La cara figura di Giuseppe non è esente, nell’affetto dei fedeli, dal lieve imbarazzo per la sua posizione di padre putativo. Figura enigmatica a forza di essere schiva. Eppure è lui il discendente da re Davide – un nobile – e certamente, come i maschi di quel lignaggio, era tenuto d’occhio dai sacerdoti e dagli scribi, perchè si sapeva che da uno di loro sarebbe nato il Messia.

Era un uomo riflessivo e silenzioso – non una sua parola è riportata dai Vangeli, alcuni quadri famosi lo ritraggono intento a leggere; un uomo visitato da visioni e da sogni, a cui credeva subito e a cui obbediva senza un attimo di perplessità.

«Giuseppe figlio di David, non temere di prendere con te Maria», e lui, appena «destatosi dal sonno», la tiene con sè (salvandola da sicura lapidazione; la gravidanza già si vedeva).

«Sù alzati, prendi il bambino e la madre e fuggi in Egitto», ed egli «nella notte» s’affretta a caricare sull’asino qualche masserizia e la ragazza sposa, e parte.

E’ qui la delicata virilità di Giuseppe: essere agli ordini, pronto ad obbedire a messaggi di cui altri potevano dubitare, il non tener conto del cosa dirà la gente; e la capacità del mite sognatore d’essere attivo protettore e uomo d’azione, uomo pratico, dicono del suo coraggio.
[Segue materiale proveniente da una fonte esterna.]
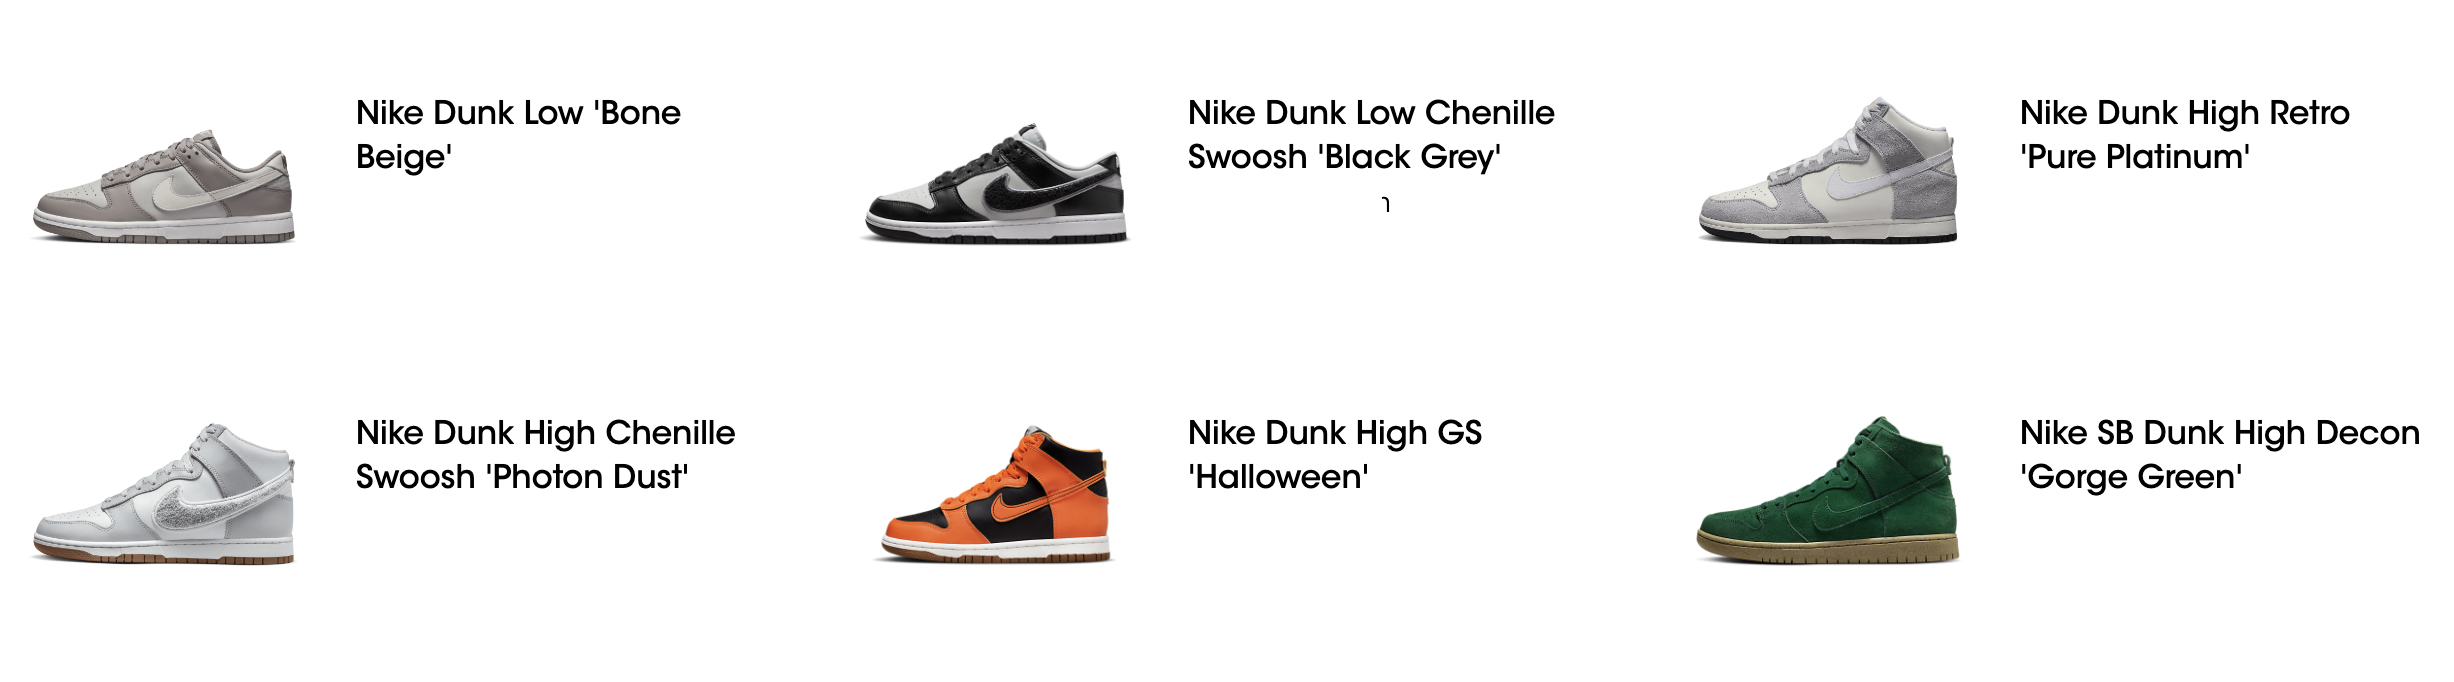 Estúpido Sur oeste Cien años Sneakerjagers on Twitter: "RELEASE REMINDER 🛒 Big Nike Dunk Low &amp; High  drop at 09:00 today! https://t.co/03aXIB7sE6 🚨 Turn on your post  notification to stay up to date on future drops. https://t.co/wRdBmSEit1" /

Senza mezzi, socialmente debole, fugge da Erode in Egitto senza chiedersi come vivrà. Quella notte, sicuramente, caricò sull’asino gli attrezzi da lavoro: fidava nelle sue mani e nella sua bravura artigiana. Sono un buon falegname, posso provvedere a Lei e al Bambino. Chi lavora bene, la fame non la fa.
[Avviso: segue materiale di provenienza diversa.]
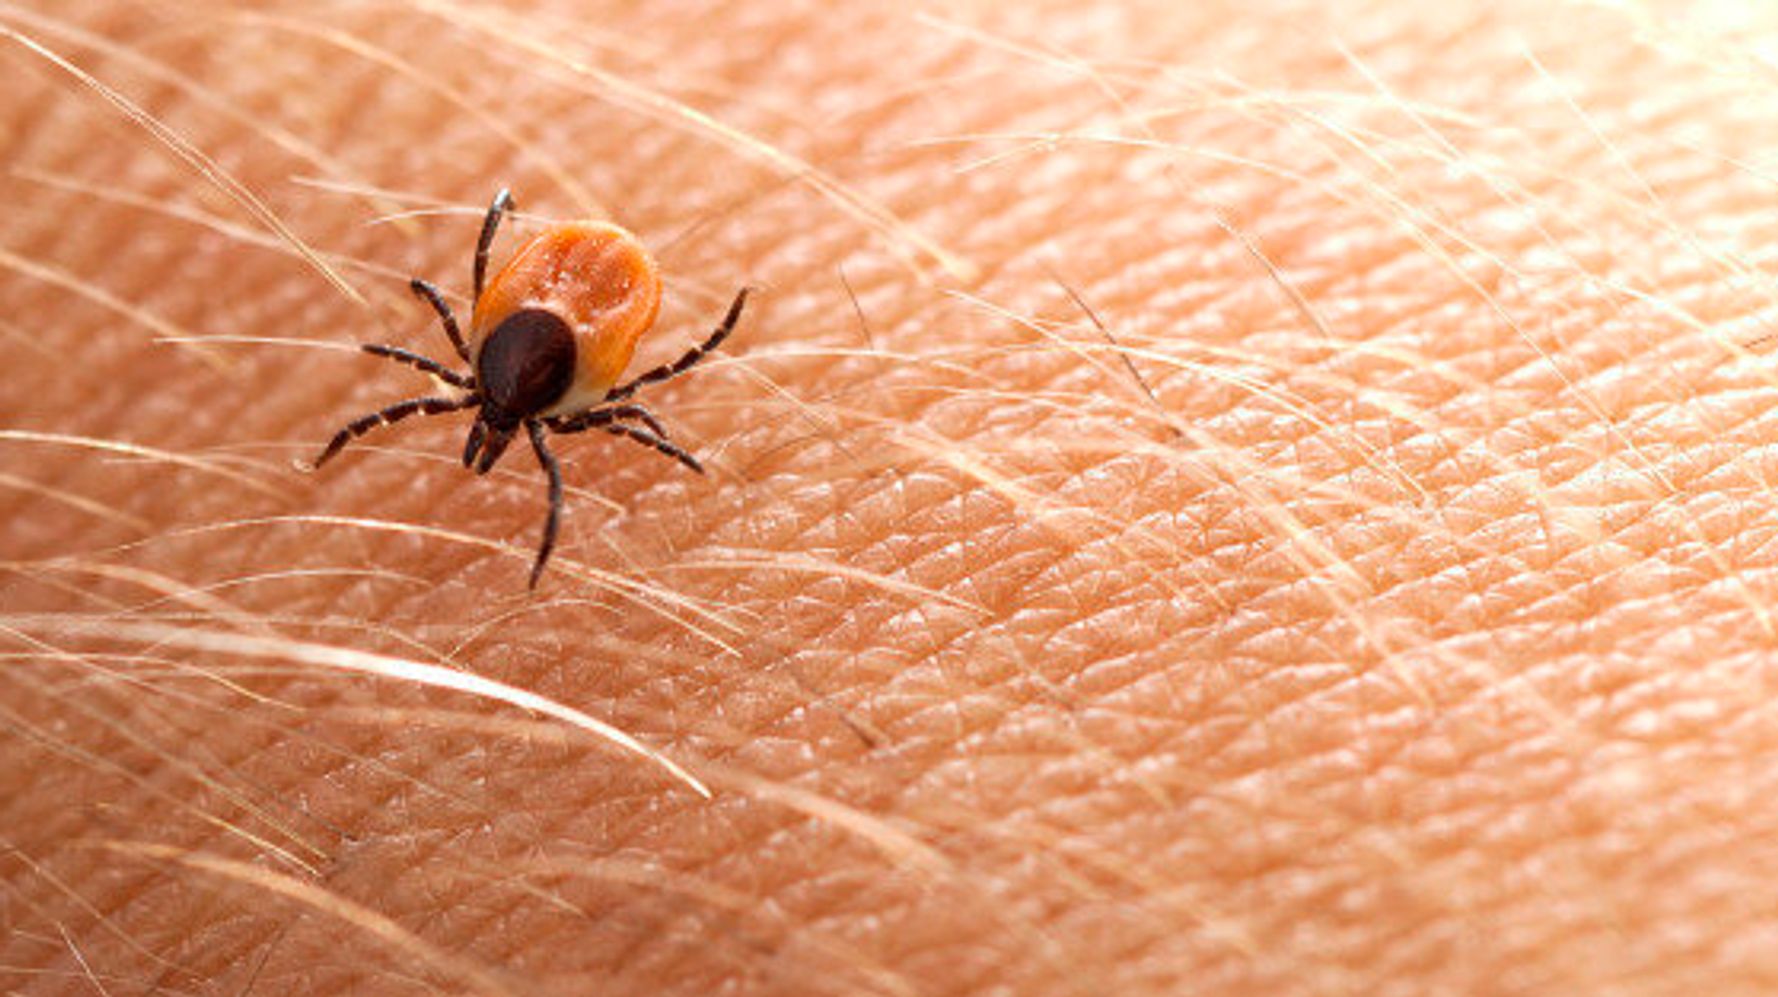 This Summer Protect Yourself From Tick Bites And Lyme Disease

L’iconografia tradizionale dipinge Giuseppe come un vecchio, per rendere più naturalmente spiegabile la sua castità. Altri – ad esempio nelle cappelle dell’Opus Dei – scelgono di dipingere Giuseppe come giovane marito, per rendere la sua castità più meritevole.

A suo tempo mi colpì, a San Lorenzo in Firenze, il San Giuseppe artigiano di Annigoni: un quarantenne di spalle larghe, bruno e crespo (un palestinese) dalla faccia energica, col grembiule di cuoio, al banco di lavoro, fra assi e seghe; accanto a lui il bambino, chinato sul banco del babbo, gioca a fare il falegname. Il bambino ha una vestina rossa (forse la prima tunica senza cuciture tessutagli dalla Mamma) e la sua testolina è bionda. L’uomo robusto sta per scompigliare quel caschetto d’oro con una carezza scherzosa, ma esita e si trattiene all’ultimo momento: l’affetto spontaneo s’è tramutato in rispetto e timidezza di fronte a quel principino, così palesemente non suo figlio carnale. Dietro la scena, un cielo sinistro di ghiaccio e di sangue allude al destino terrestre di quel bambino. Destino sanguinante; ma Giuseppe non sarà più lì a proteggerlo.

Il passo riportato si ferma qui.